Bosna’daki siyasi kriz tırmanırken bile, Dodik ile Erdoğan arasındaki bağların koptuğuna dair bir işaret yok. Aslında, nerede değil Dodik Erdoğan, Batılı çevrelerde sıcak karşılanmıyor, çünkü ikisi arasındaki diyalog, Batı’ya iki liderin tecrit edilmediğinin sembolik bir gösterisi.

Bosna’ya yönelik müdahaleler genellikle Erdoğan için bir yoldur Avrupa Birliği’ne kendi arka bahçesinde meydan okumakErdoğan Brüksel’e hem Boşnaklarla hem de Bosnalı Sırplarla başa çıkabileceğini gösteriyor.

Aynı cephede, Erdoğan’ın Birleşmiş Milletler Genel Kurulu sırasında Hırvatistan Cumhurbaşkanı Milanoviç ile görüşmesi, Erdoğan’ın özellikle Bosna meselesi ve Bosnalı Hırvatların durumu çok yüksek olduğu için Balkanlar’daki tüm etnik gruplarla anlaşma yapma eğilimini de gösteriyor. Toplantı gündemi.

READ  Türk Hava Yolları Türk vatandaşlarını tahliye etti ve Afganistan'a tüm uçuşlarını iptal etti

Ankara’nın Belgrad’dan hoşnutsuzluğu da muhtemelen buna katkıda bulunan bir faktördü. Erdoğan, Vuciç’e Sırplarla temas kurmak istiyorsa bölgedeki diğer Sırp liderlerin onunla konuşmaya hazır olduğunu söyledi.

Vucic ve Dodik arasındaki ilişki de bir faktör. Geleneksel görüş, Belgrad’ın Bosnalı Sırpları kontrol ettiğini kabul etse de, gerçek daha karmaşık.
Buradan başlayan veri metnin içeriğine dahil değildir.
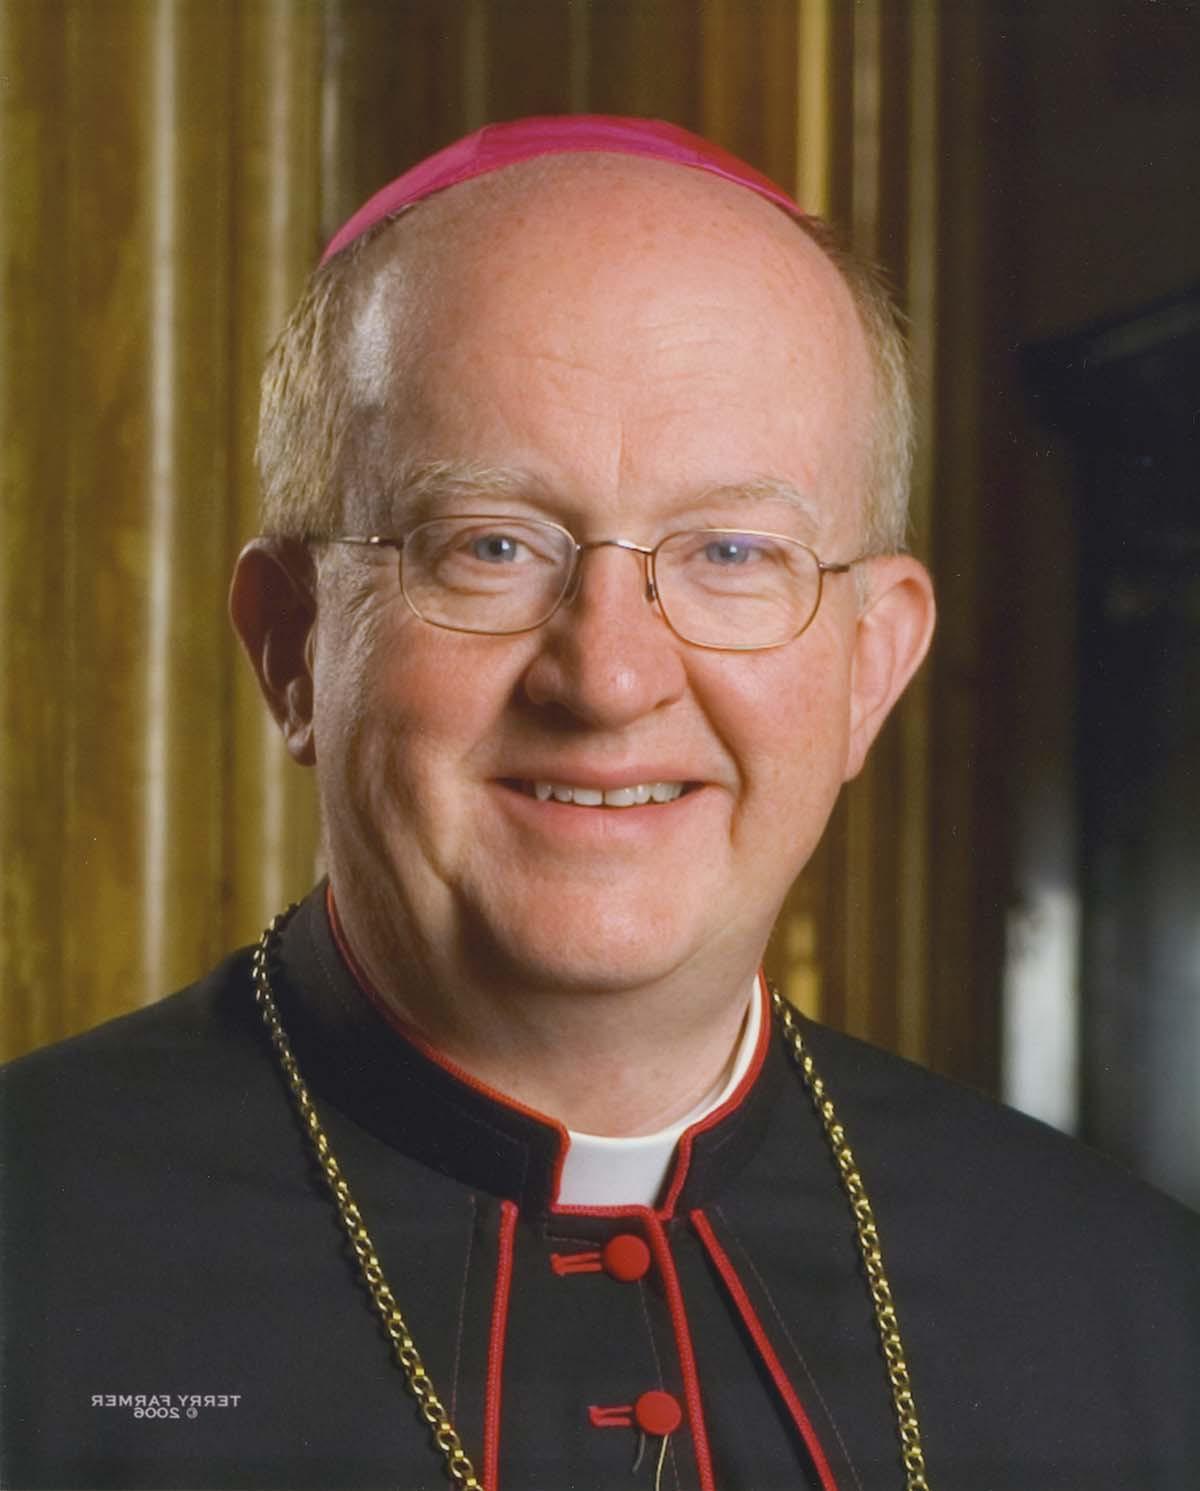 Bishop Kevin Vann

Vucic ve Dodik arasındaki sıcak cepheye rağmen, İkisi birbirine güvenmiyor. Yani, Sırbistan’daki hiçbir politikacı, Bosnalı Sırp liderliğinin her zaman güvendiği bir gerçek olan, Bosnalı Sırplar tarafından ülke içinde korunmasız görünemez. Ancak Belgrad’daki liderler, Bosna’daki kardeşlerinin kendilerini gereksiz bir çatışmaya sürükleyeceğinden korkuyor.

Buna karşılık Bosnalı Sırp liderliği, Belgrad’ın Batı ile büyük bir pazarlıkta onları satacağından veya daha az inatçı bir siyasi seçenekle değiştirmeye çalışacağından korkuyor.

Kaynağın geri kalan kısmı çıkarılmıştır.